PSPP: MEANS

15.9 MEANS

MEANS [TABLES =] 
      {var_list} 
        [ BY {var_list} [BY {var_list} [BY {var_list} … ]]]

      [ /{var_list} 
         [ BY {var_list} [BY {var_list} [BY {var_list} … ]]] ]

      [/CELLS = [MEAN] [COUNT] [STDDEV] [SEMEAN] [SUM] [MIN] [MAX] [RANGE]
        [VARIANCE] [KURT] [SEKURT] 
        [SKEW] [SESKEW] [FIRST] [LAST] 
        [HARMONIC] [GEOMETRIC] 
        [DEFAULT]
        [ALL]
        [NONE] ]

      [/MISSING = [TABLE] [INCLUDE] [DEPENDENT]]

You can use the MEANS command to calculate the arithmetic mean and similar statistics, either for the dataset as a whole or for categories of data.

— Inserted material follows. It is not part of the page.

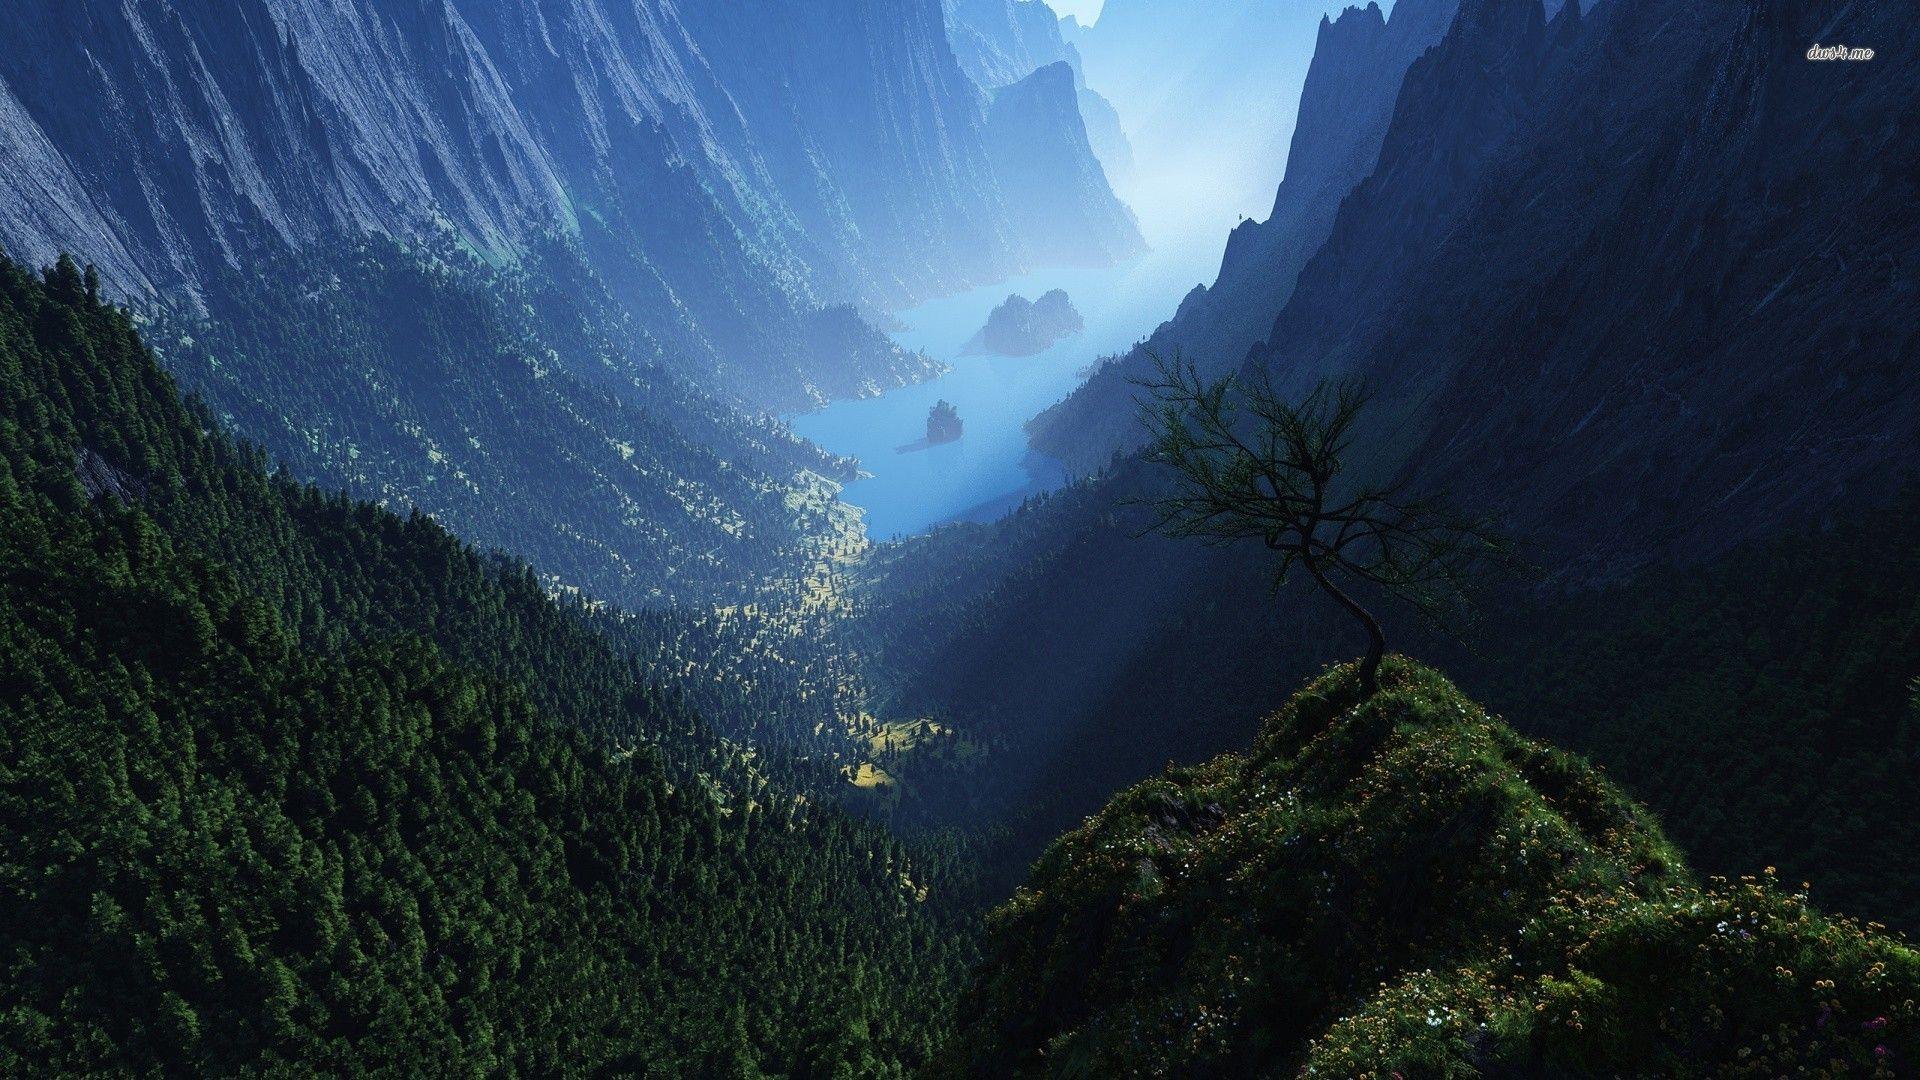 Simple Wallpaper Mountain Rain - 806e53f8d13a00cfba38947d60dbd545  Gallery_18248.jpg

The simplest form of the command is

MEANS v.

which calculates the mean, count and standard deviation for v. If you specify a grouping variable, for example

MEANS v BY g.

then the means, counts and standard deviations for v after having been grouped by g will be calculated. Instead of the mean, count and standard deviation, you could specify the statistics in which you are interested:

MEANS x y BY g
      /CELLS = HARMONIC SUM MIN.

This example calculates the harmonic mean, the sum and the minimum values of x and y grouped by g.

The CELLS subcommand specifies which statistics to calculate. The available statistics are:

MEAN The arithmetic mean.
COUNT The count of the values.
STDDEV The standard deviation.
SEMEAN The standard error of the mean.
SUM The sum of the values.
MIN The minimum value.
MAX The maximum value.
RANGE The difference between the maximum and minimum values.
VARIANCE The variance.
FIRST The first value in the category.
LAST The last value in the category.
SKEW The skewness.
SESKEW The standard error of the skewness.
KURT The kurtosis
SEKURT The standard error of the kurtosis.
HARMONIC The harmonic mean.
GEOMETRIC The geometric mean.

In addition, three special keywords are recognized:

DEFAULT This is the same as MEAN COUNT STDDEV.
ALL All of the above statistics will be calculated.
NONE No statistics will be calculated (only a summary will be shown).

More than one table can be specified in a single command. Each table is separated by a ‘/’. For example

MEANS TABLES =
      c d e BY x
      /a b BY x y
      /f BY y BY z.

has three tables (the ‘TABLE =’ is optional). The first table has three dependent variables c, d and e and a single categorical variable x. The second table has two dependent variables a and b, and two categorical variables x and y. The third table has a single dependent variables f and a categorical variable formed by the combination of y and z.

By default values are omitted from the analysis only if missing values (either system missing or user missing) for any of the variables directly involved in their calculation are encountered. This behaviour can be modified with the /MISSING subcommand. Three options are possible: TABLE, INCLUDE and DEPENDENT.

/MISSING = TABLE causes cases to be dropped if any variable is missing in the table specification currently being processed, regardless of whether it is needed to calculate the statistic.

/MISSING = INCLUDE says that user missing values, either in the dependent variables or in the categorical variables should be taken at their face value, and not excluded.

/MISSING = DEPENDENT says that user missing values, in the dependent variables should be taken at their face value, however cases which have user missing values for the categorical variables should be omitted from the calculation.